• What the task requires
Repeat the data exactly as given below, dropping every picture.

• Data below

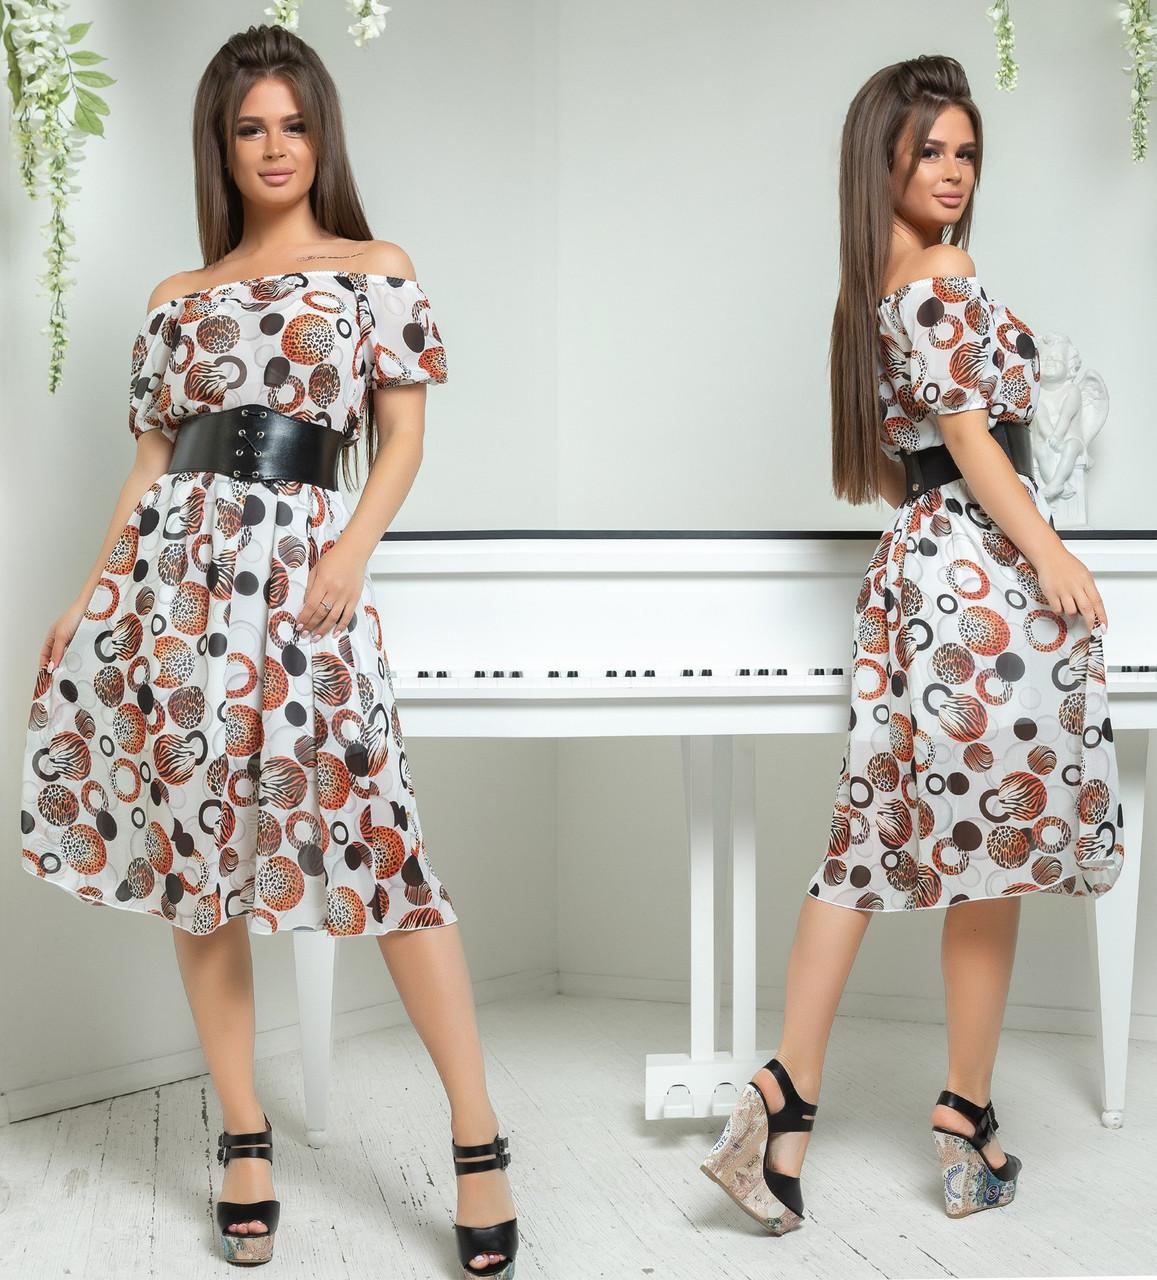 064ecd08f62 Белое шифоновое платье - All You Need - прямой поставщик женской одежды  оптом и в розницу
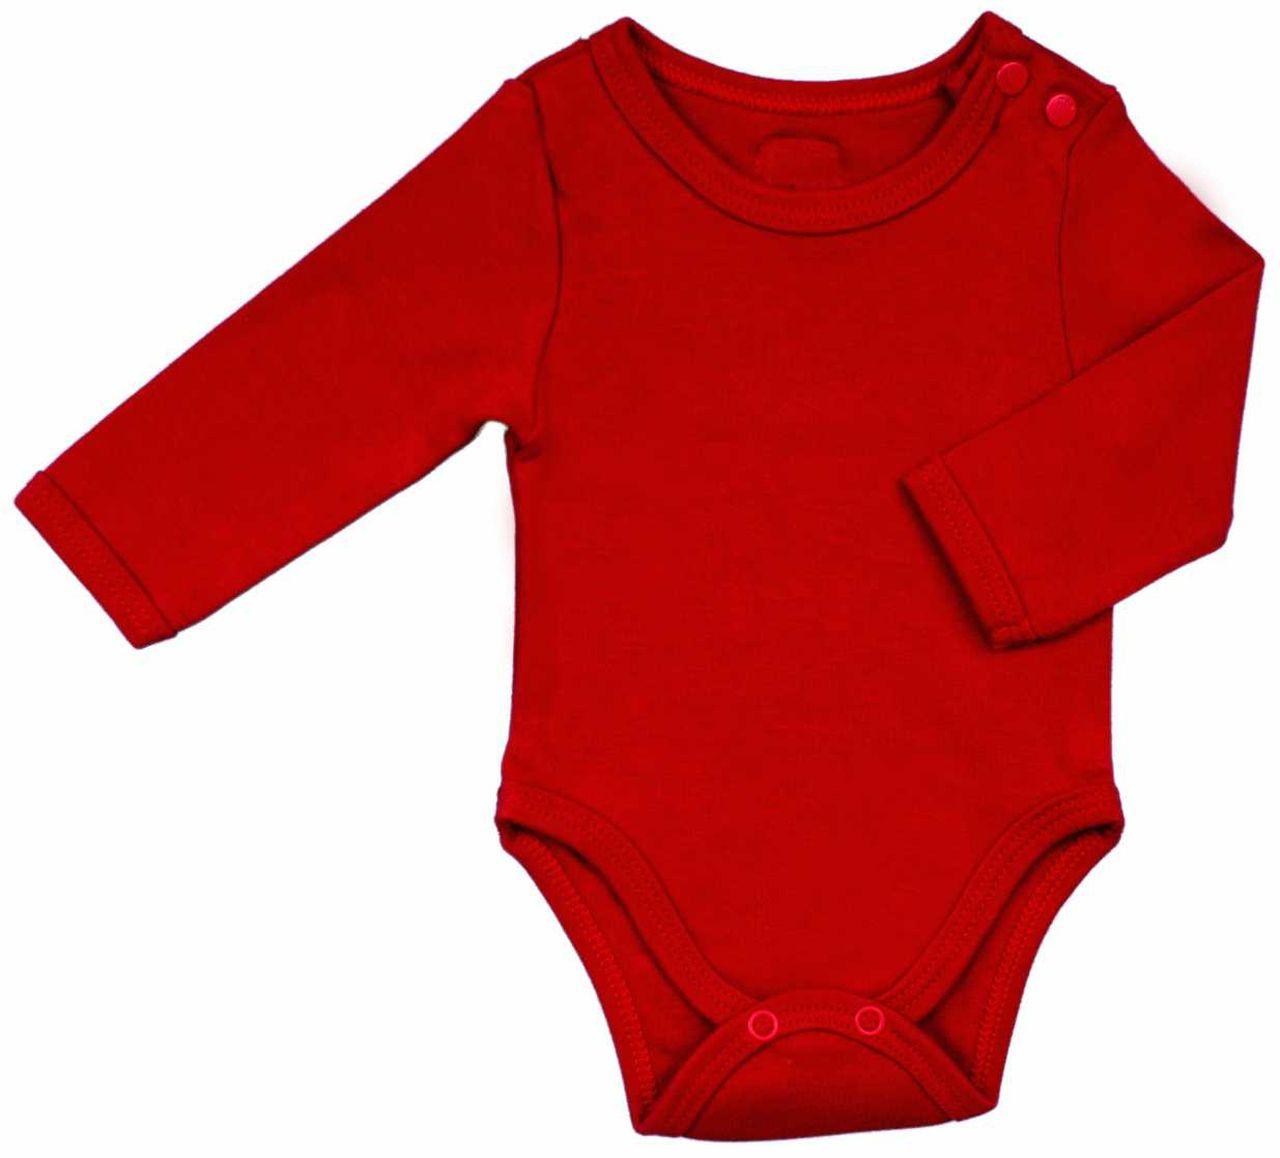 BODY INFANTIL BÁSICO LISO MANGA LONGA BOTÃO NO OMBRO 100% ALGODÃO EGÍPCIO
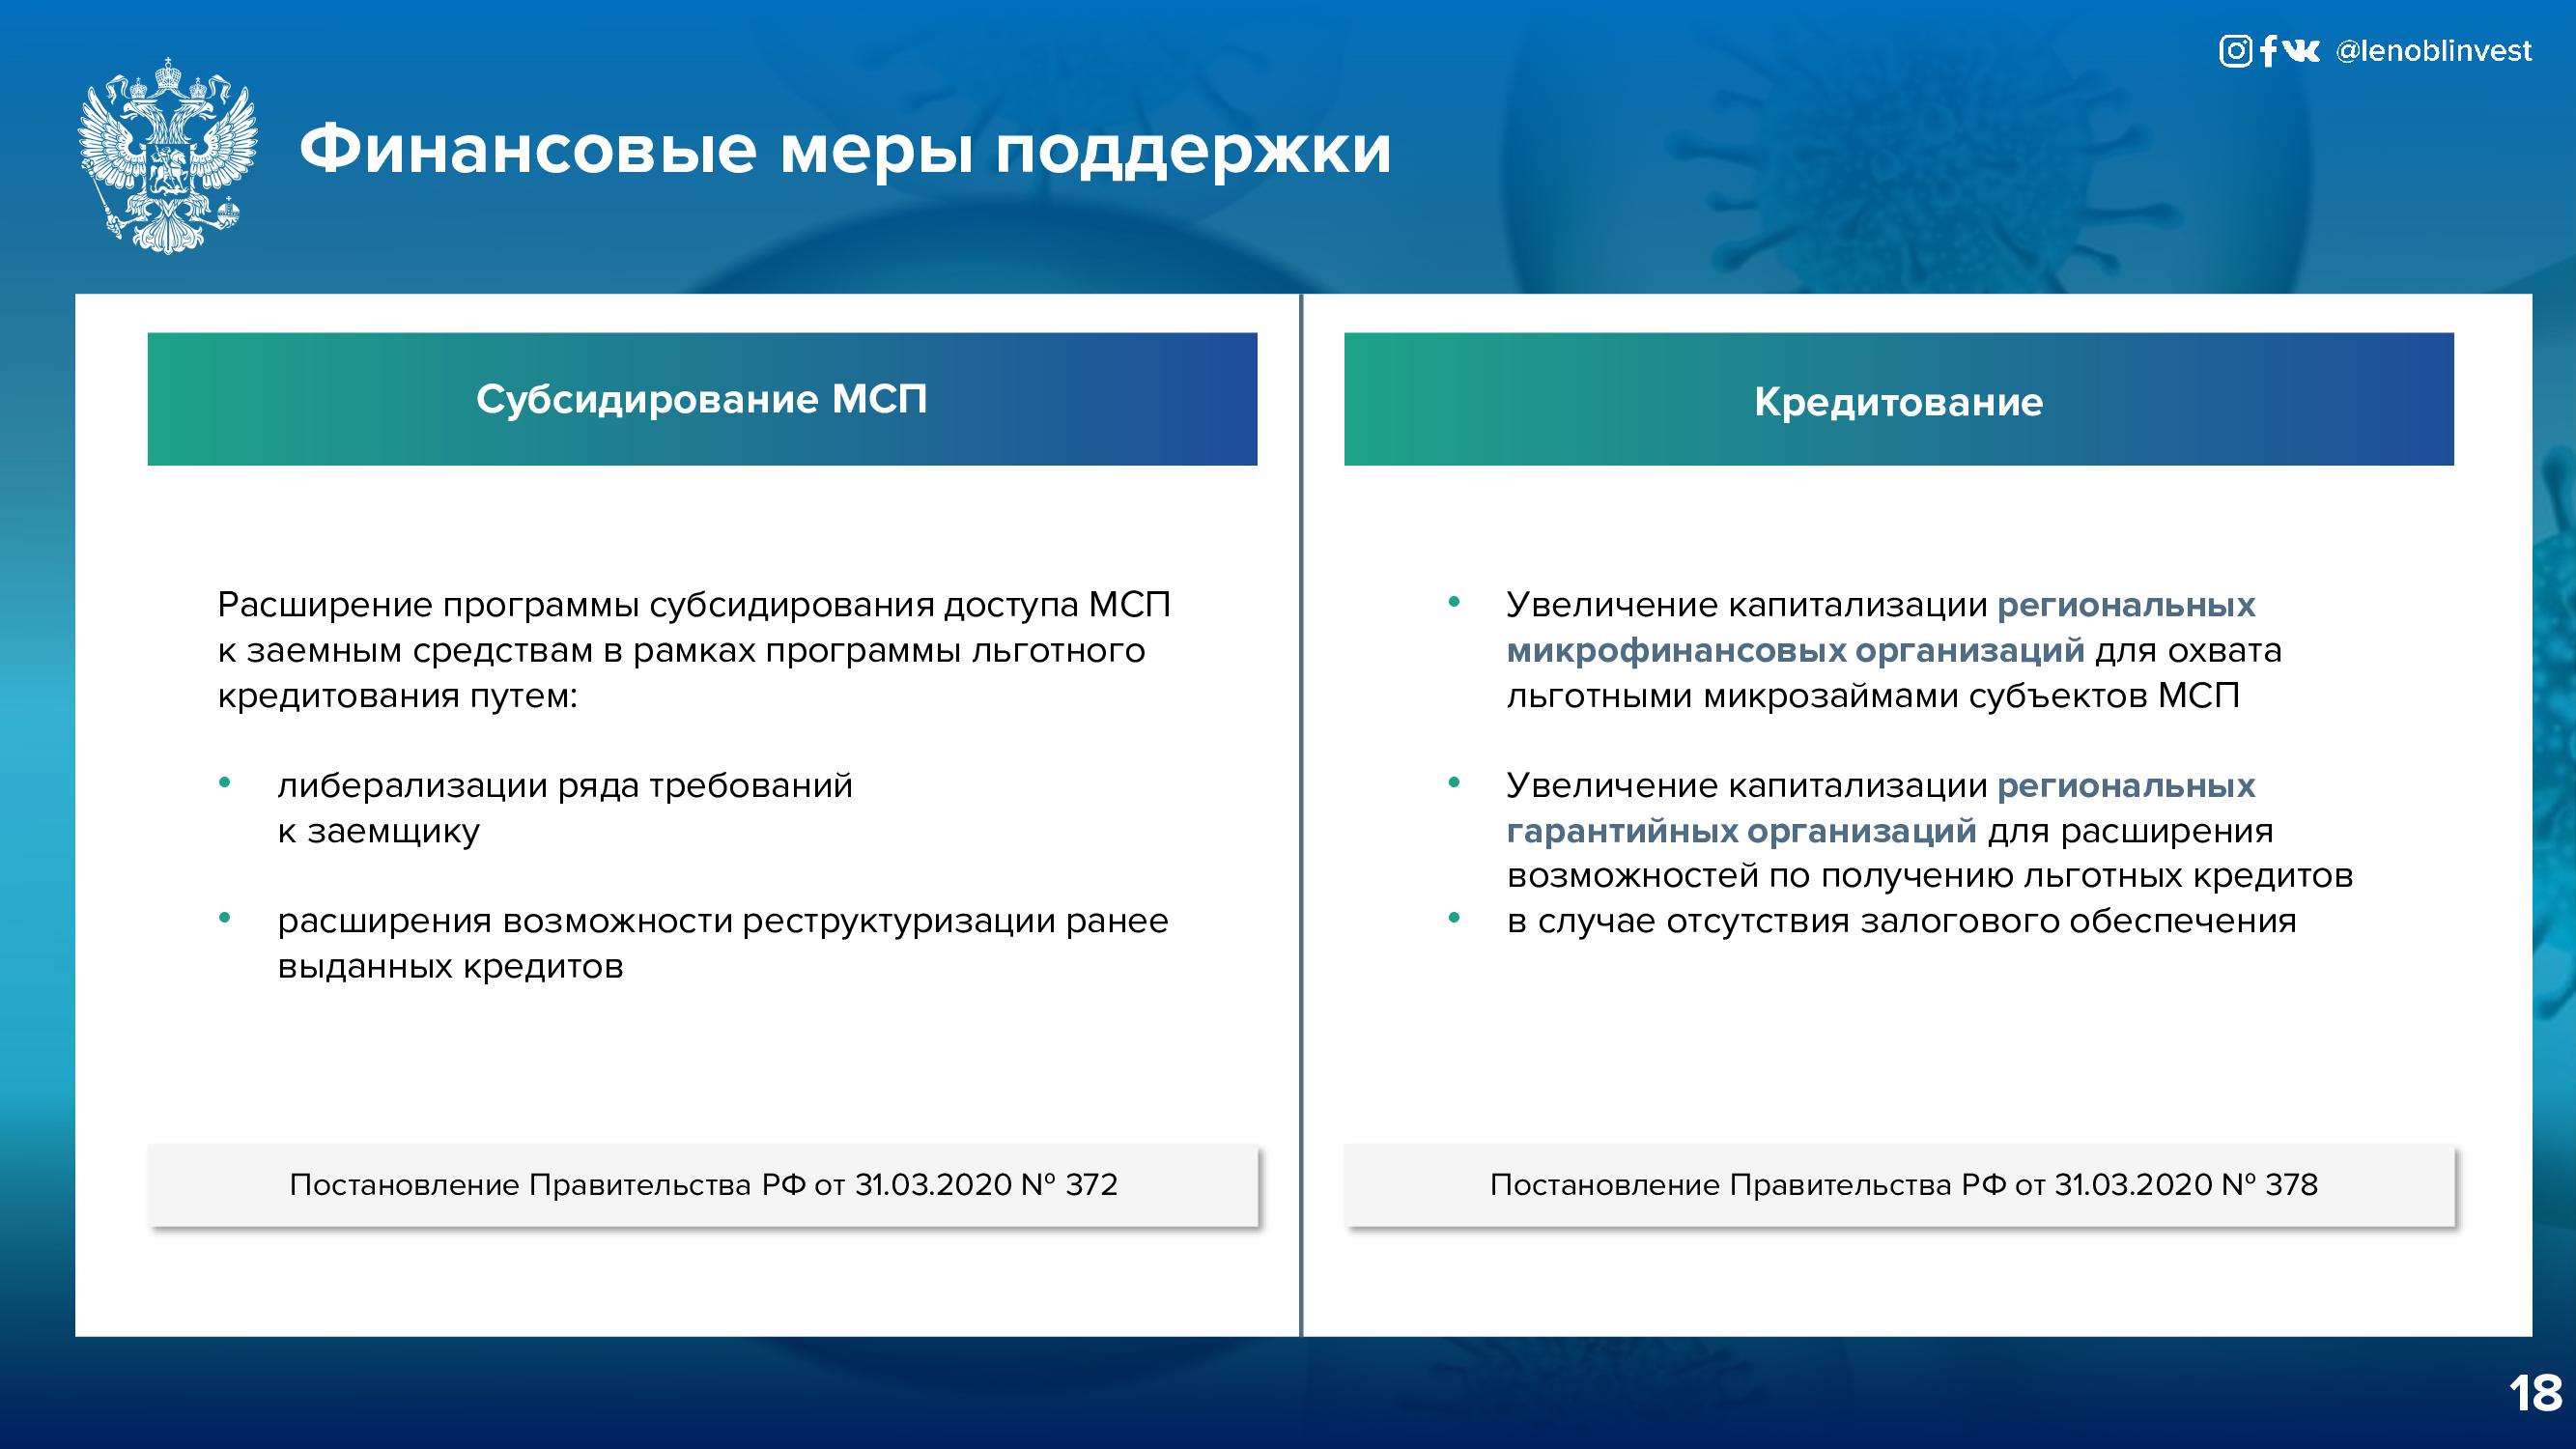 Региональные и федеральные меры поддержки_page-0018.jpg

• Response below
 064ecd08f62 Белое шифоновое платье - All You Need - прямой поставщик женской одежды  оптом и в розницу
 BODY INFANTIL BÁSICO LISO MANGA LONGA BOTÃO NO OMBRO 100% ALGODÃO EGÍPCIO
 Региональные и федеральные меры поддержки_page-0018.jpg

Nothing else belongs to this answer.